I test drove a car with Full Self-Driving last week and it blew me away. Highway traffic, lane changes, stop-and-go, traffic lights, stop signs. The exact kind of driving I hate most. All of it. It's not perfect. But let's be honest, none of us is great.

That's the whole pitch. Not the acceleration, not the tech dashboard, not the environmental angle. I want to get 45 minutes of my day back.

The numbers don't make sense.

My 4Runner is financed at 7%. I'm two years into payments with three years left. The remaining interest on the loan is about $1,500 and I've already paid $5,000. My monthly payment is $692 and the thing gets 17 miles per gallon. At $3 a gallon and 10,000 miles a year, that's roughly $150 a month in gas. Total monthly cost: about $840.

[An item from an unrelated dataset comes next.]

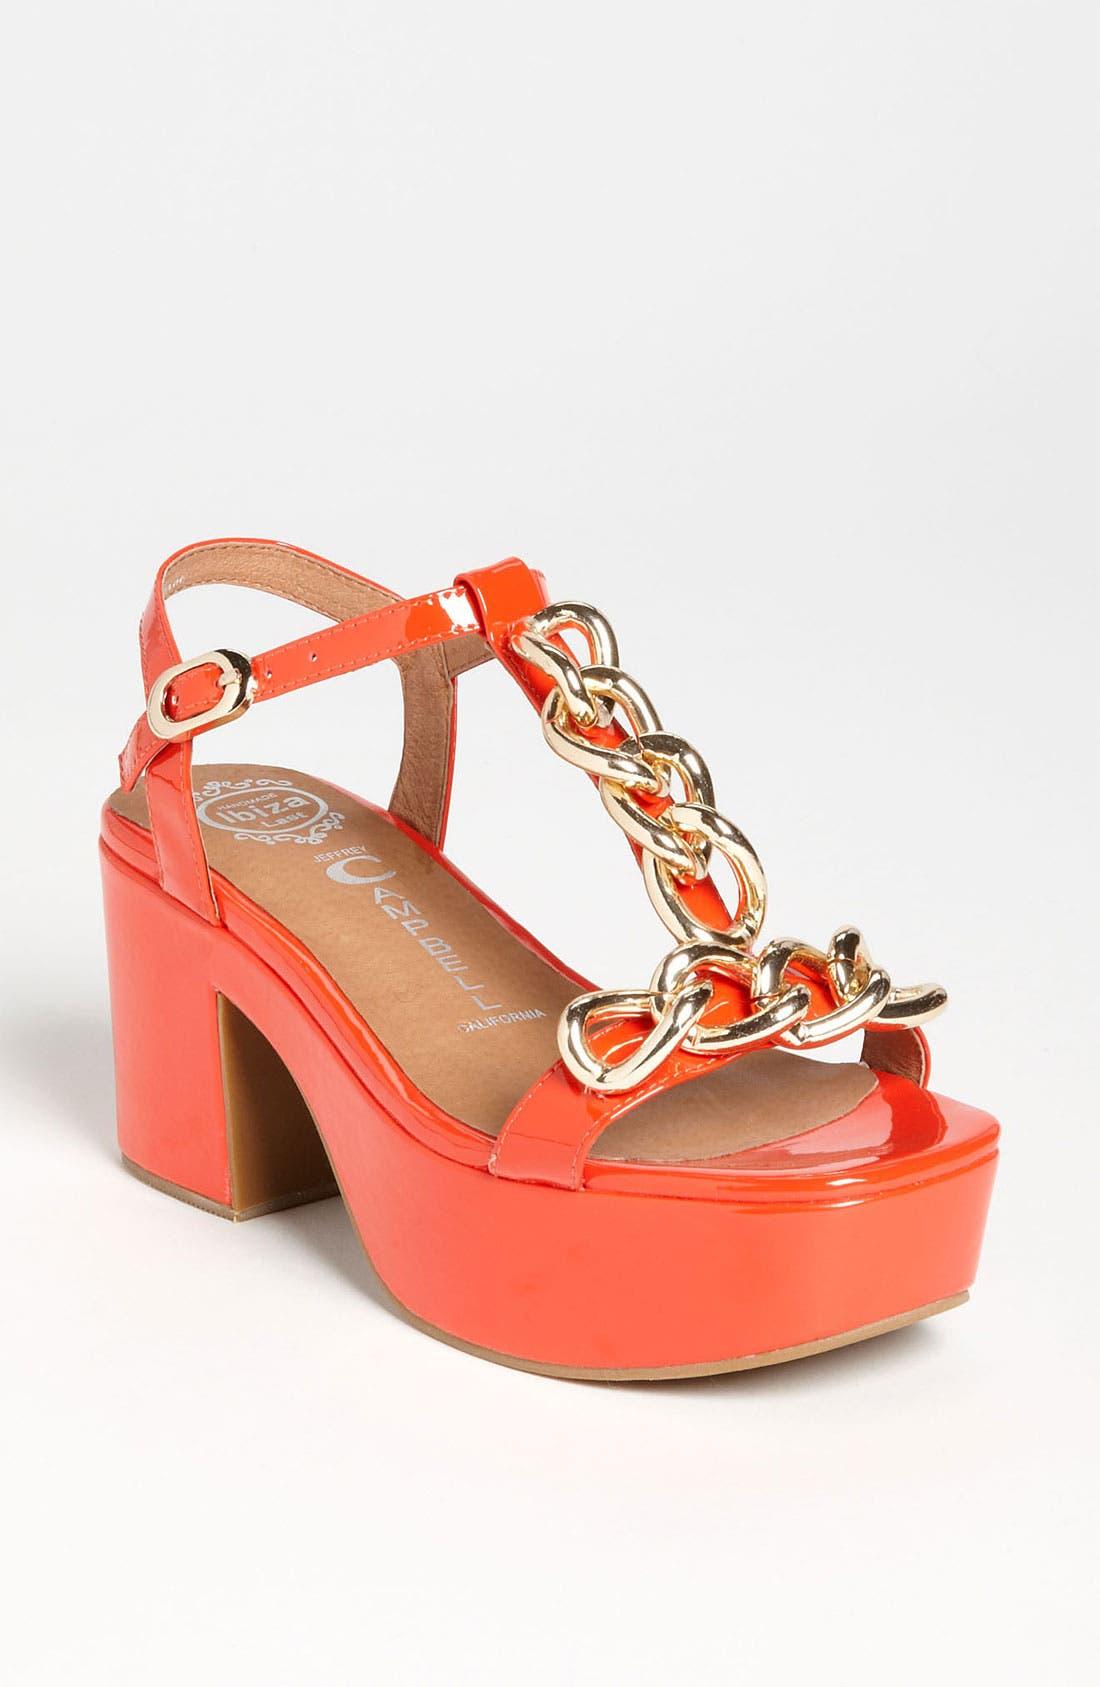 Main Image - Jeffrey Campbell 'Yasmine' Sandal
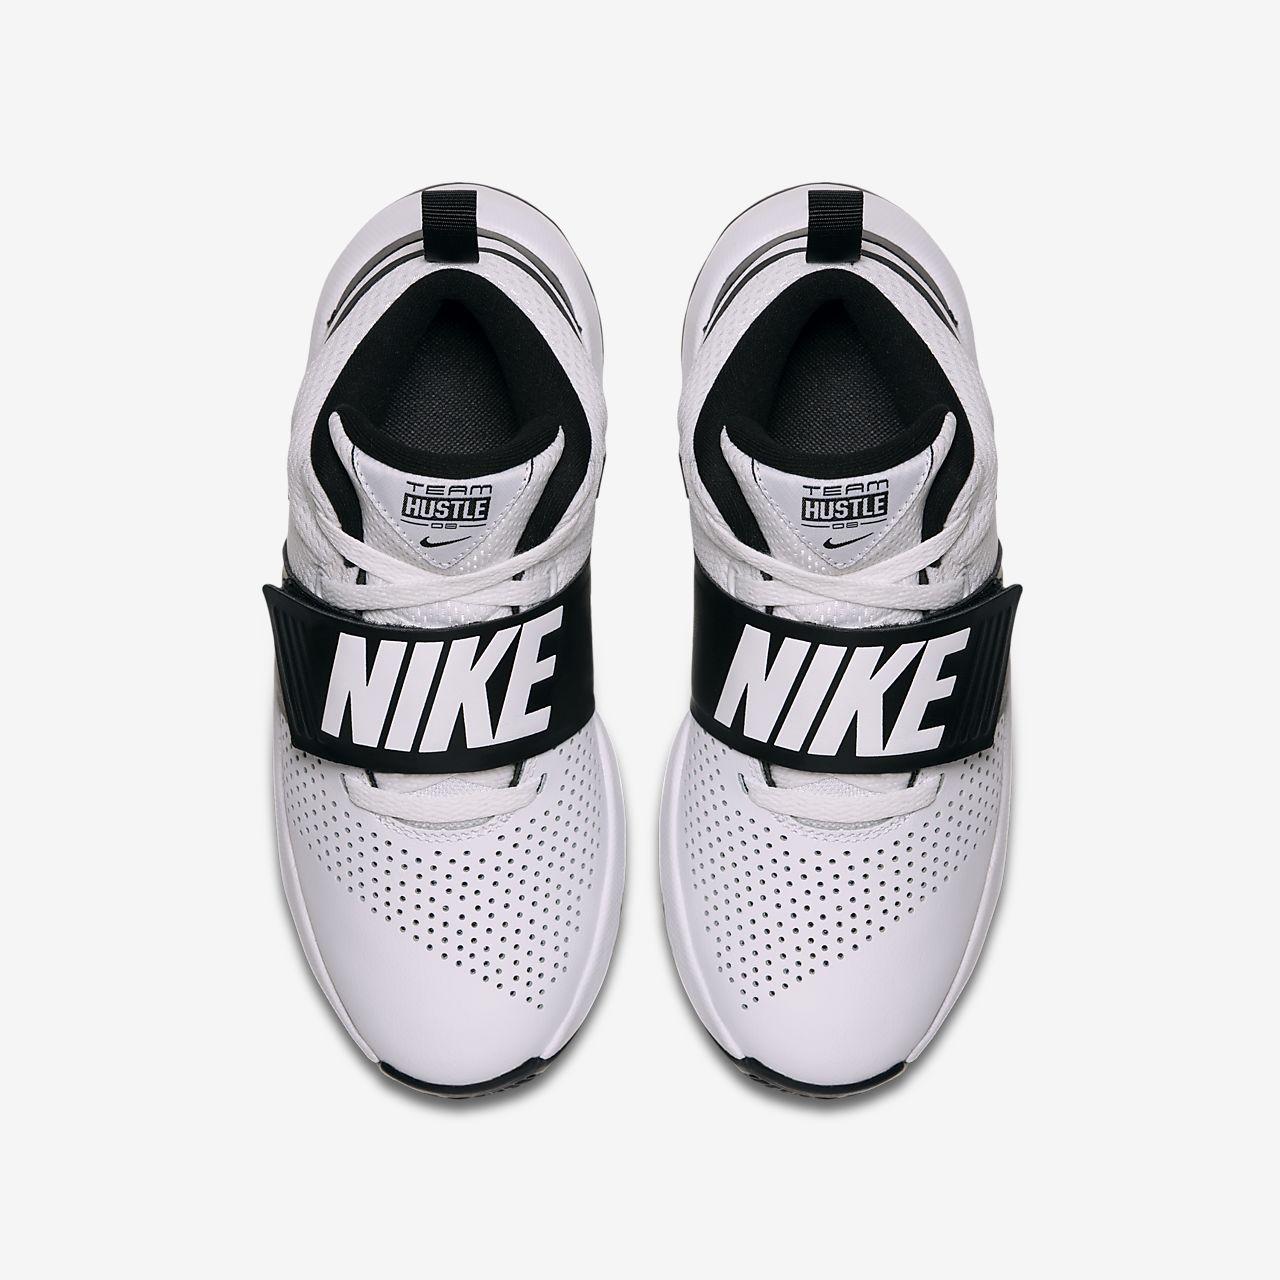 new style 9280f 4605f ... Nike Team Hustle D 8 Zapatillas de baloncesto - Niño a

The dealer is offering 0.99% APR. If I trade in the 4Runner and finance a new electric car for 72 months, the payment drops to $478. Electricity runs maybe $30 a month. Even adding $99/month for Full Self-Driving, my total monthly cost is around $607.

I still spent a solid hour building a spreadsheet comparing loan terms. The additional interest between 36 months and 72 months at 0.99%? $527 total. That's less than $8 a month. Classic CPA move, agonizing over half a month of Netflix while losing 45 minutes a day to traffic.

I've spent weeks trying to wrap my head around how I got this wrong. I found a super-reliable used car, negotiated the purchase price, and paid ahead on the loan. All the advice you get from personal finance experts. How is a new car with a longer loan a better decision? It makes my brain hurt. But somehow, at 0.99% APR, the "responsible" short loan actually costs me more than the "irresponsible" long loan due to time value of money.

We optimize the wrong things.

At work, this is a decision I wouldn't think twice about: get back 15 hours a month of unproductive time and save $230 doing it. I'd sign that deal before lunch. But because it's my personal finances, my brain stops working and I waste a Sunday morning building a spreadsheet to save $8 a month.

We keep pointing technology at the things we enjoy and doing the miserable stuff ourselves. That's backwards. The whole point of automation, AI, robots, whatever you want to call it is to eliminate the things you hate so you can spend more time with the people you love and on the things you actually enjoy.

Arnold Bennett wrote in 1908: "If you have time, you can obtain money. You cannot buy more time." He was talking about office workers wasting their evenings and commutes to newspapers and procrastination. Substitute email and doomscrolling and we face the same problems, 118 years later.

ONE MORE THING

The book is How to Live on 24 Hours a Day. It's 70 pages, written in 1908, and I'm shocked by how much it applies today. Influencers have been repackaging Arnold Bennett's ideas for 100+ years. Go to the original source, free on Kindle or with Spotify Premium.